**Raw data:**

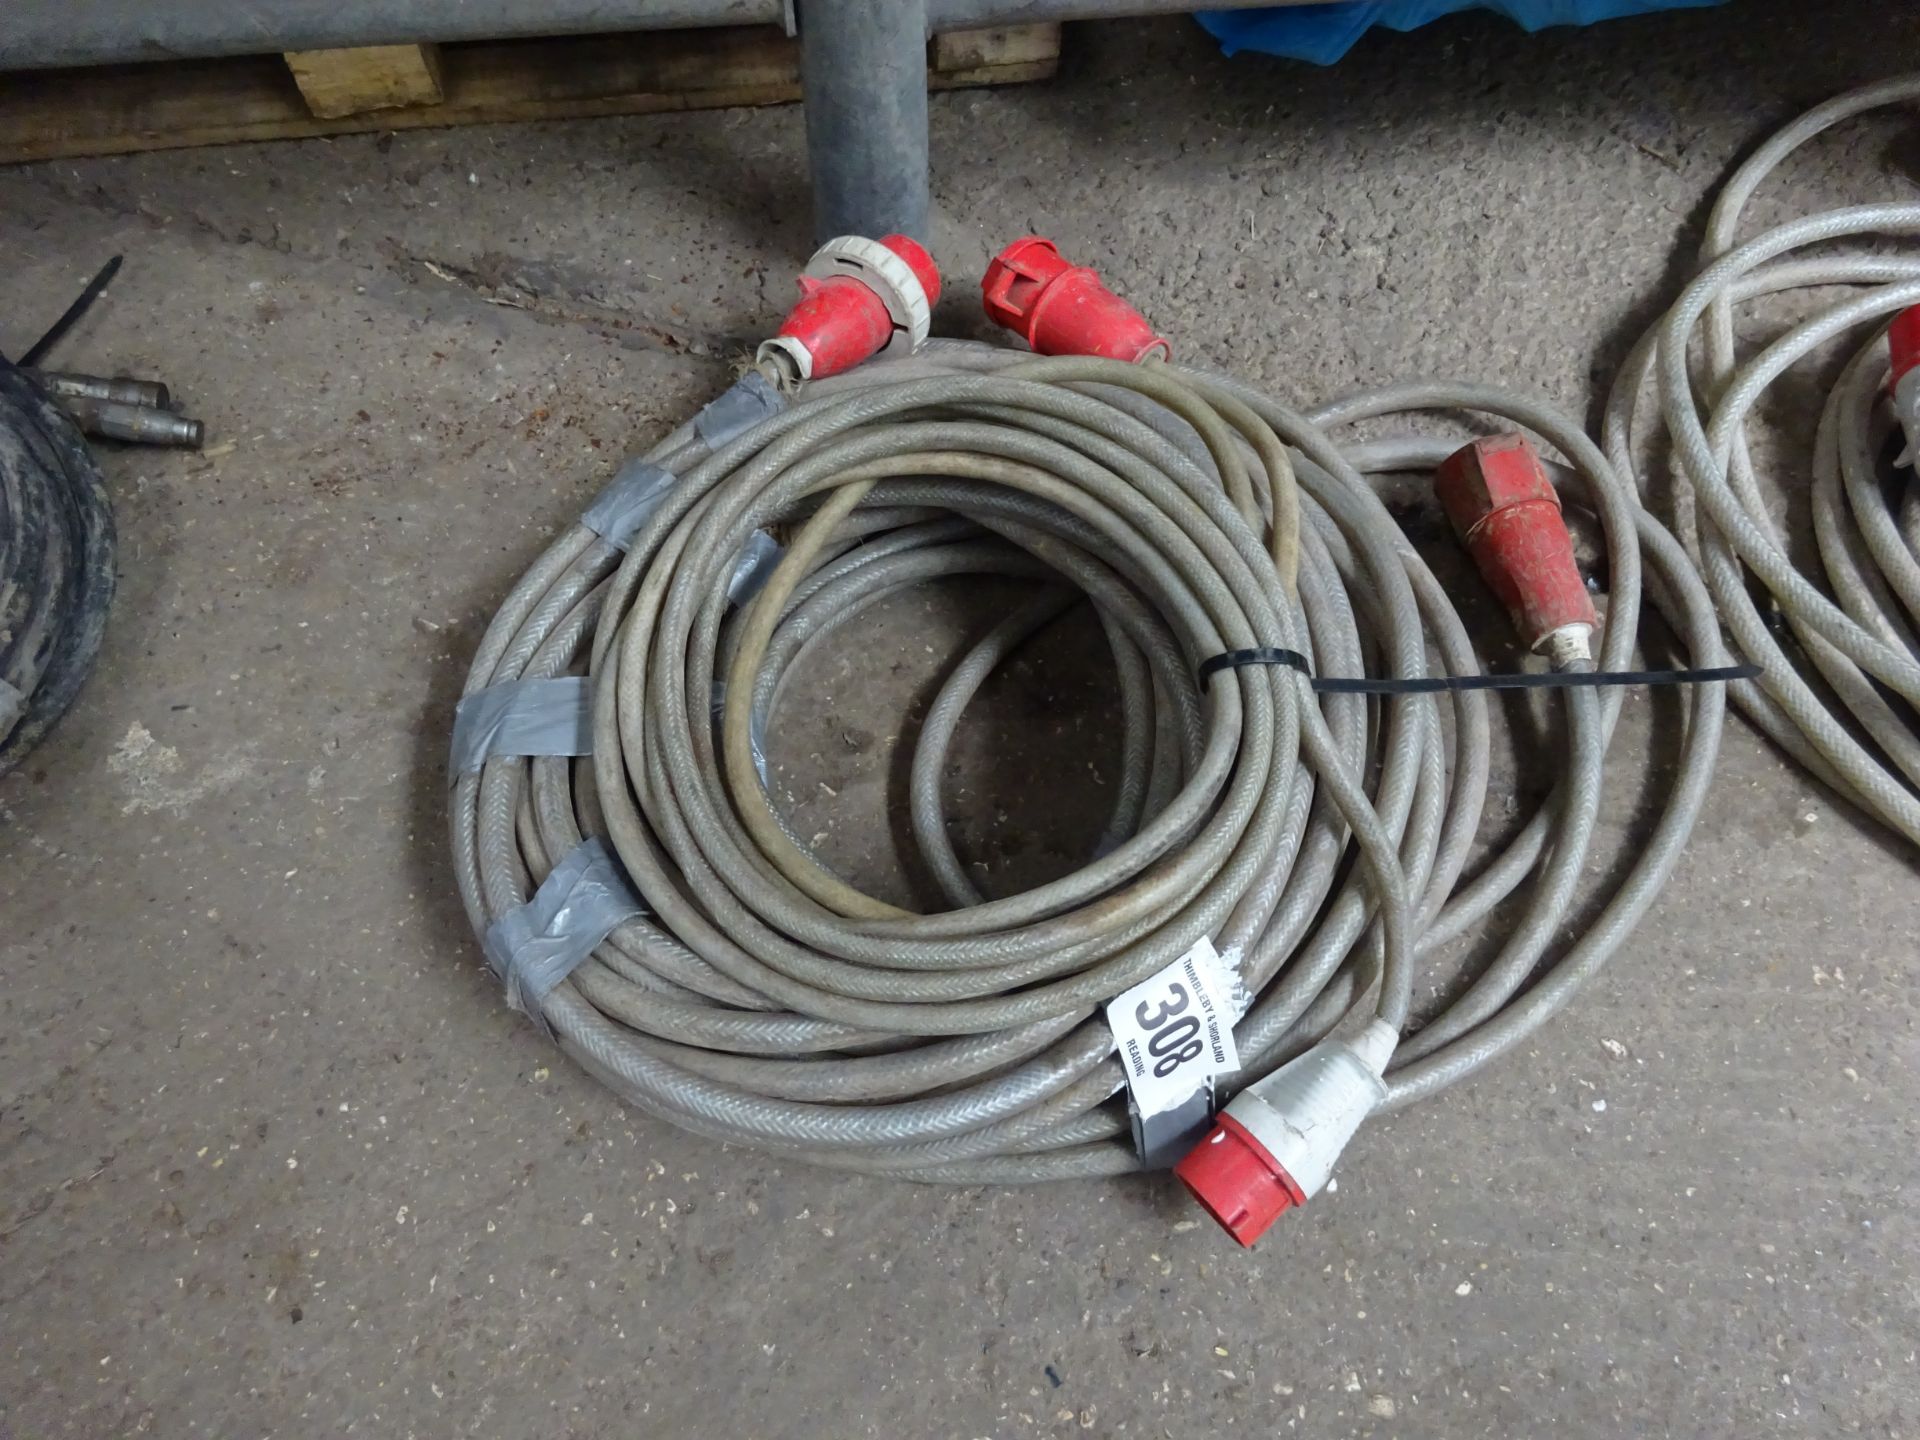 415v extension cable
* * *
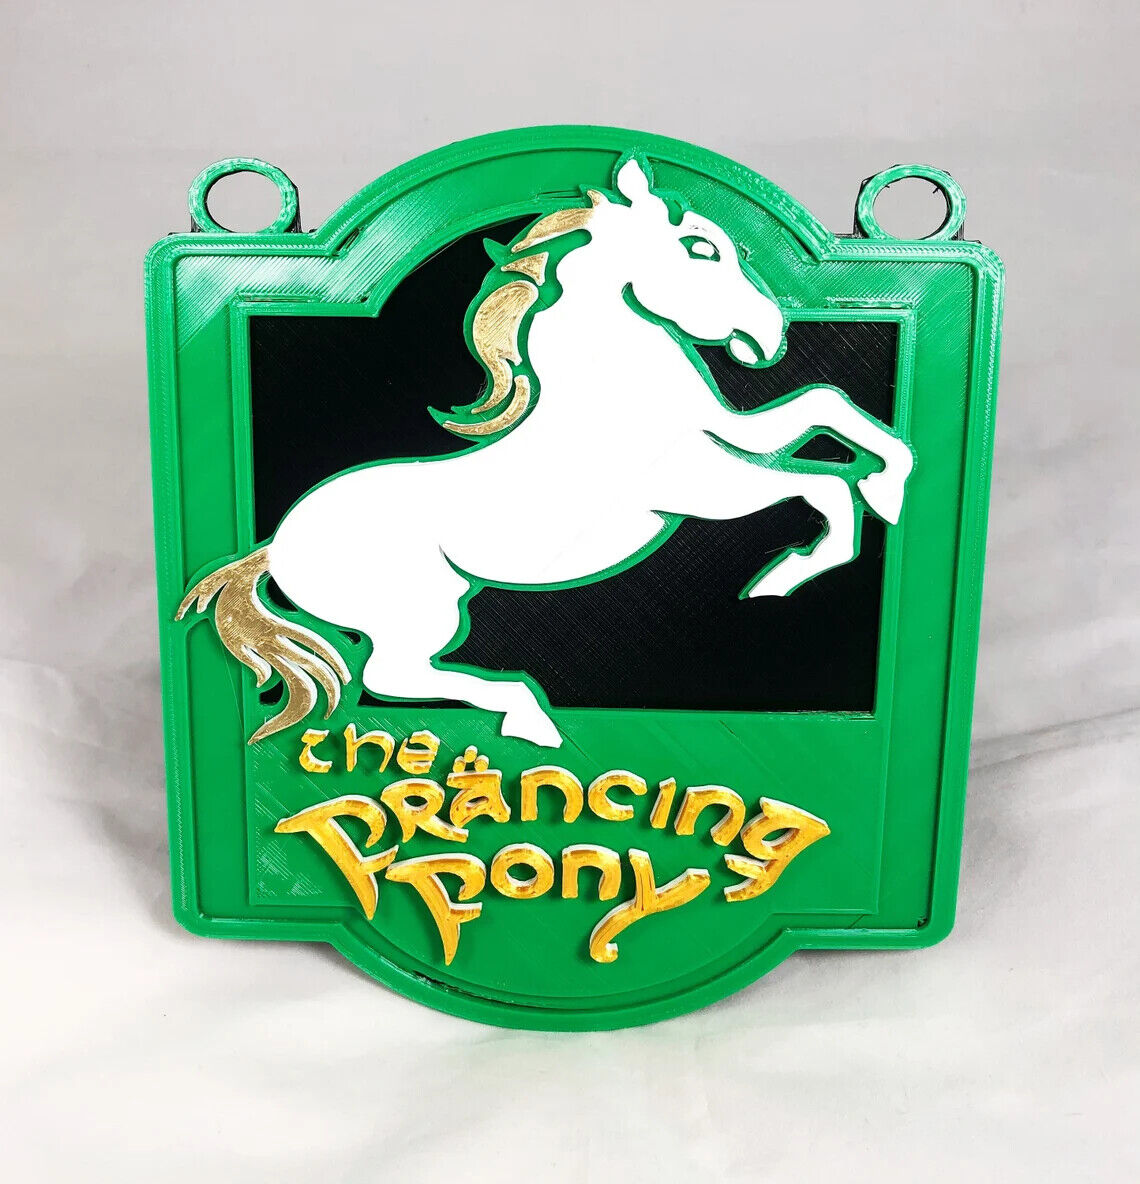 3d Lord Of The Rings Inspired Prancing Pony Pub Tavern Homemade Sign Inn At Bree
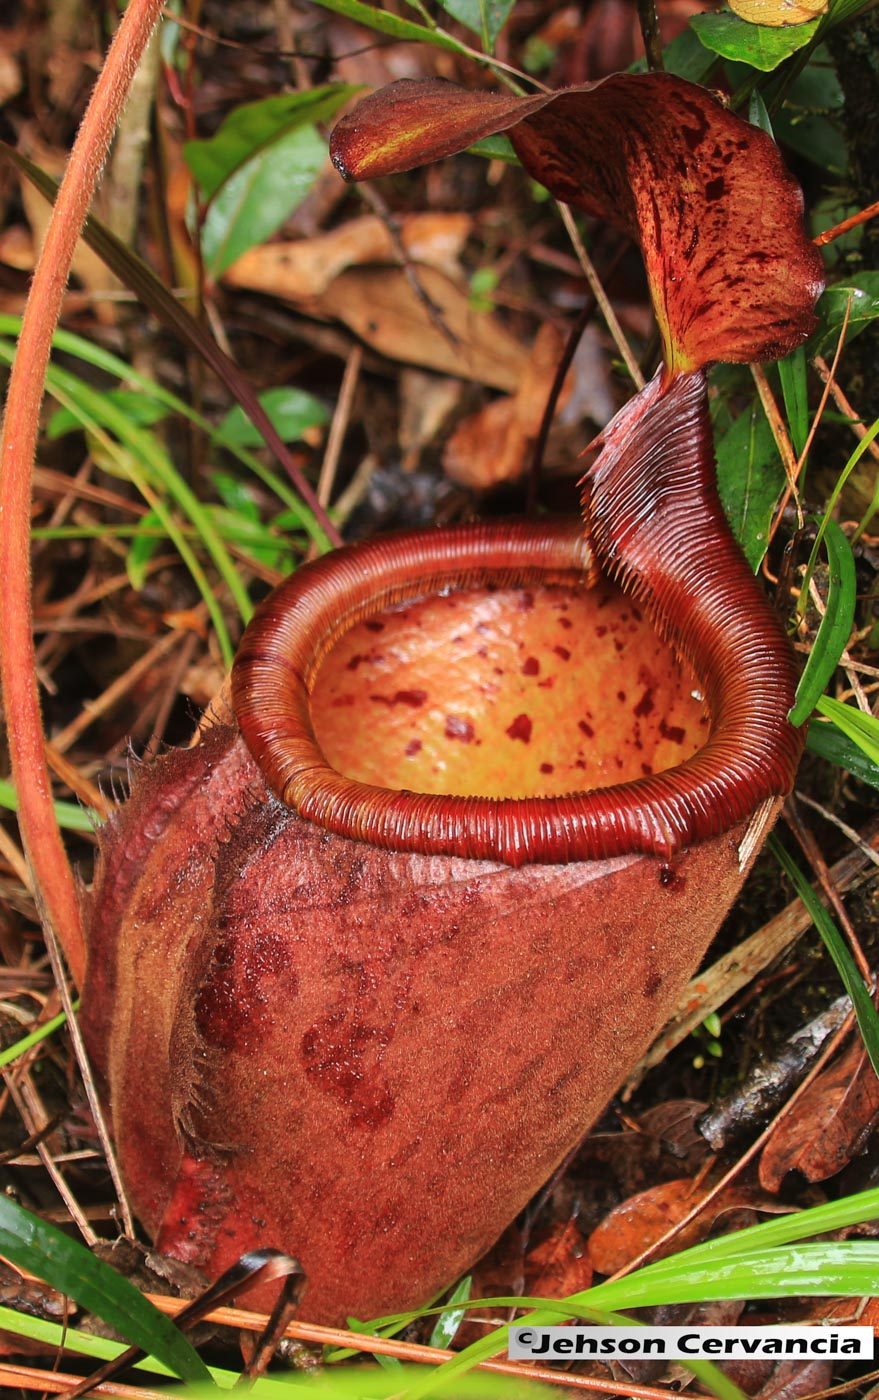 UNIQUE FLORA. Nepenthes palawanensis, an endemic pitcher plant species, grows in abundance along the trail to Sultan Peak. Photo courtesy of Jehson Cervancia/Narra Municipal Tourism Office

**Your assignment:** Repeat exactly, and only, the entries from the line with "3d Lord Of The" through the line with "UNIQUE FLORA. Nepenthes". Pictures are skipped.

**Answer for the task:**
 3d Lord Of The Rings Inspired Prancing Pony Pub Tavern Homemade Sign Inn At Bree
 UNIQUE FLORA. Nepenthes palawanensis, an endemic pitcher plant species, grows in abundance along the trail to Sultan Peak. Photo courtesy of Jehson Cervancia/Narra Municipal Tourism Office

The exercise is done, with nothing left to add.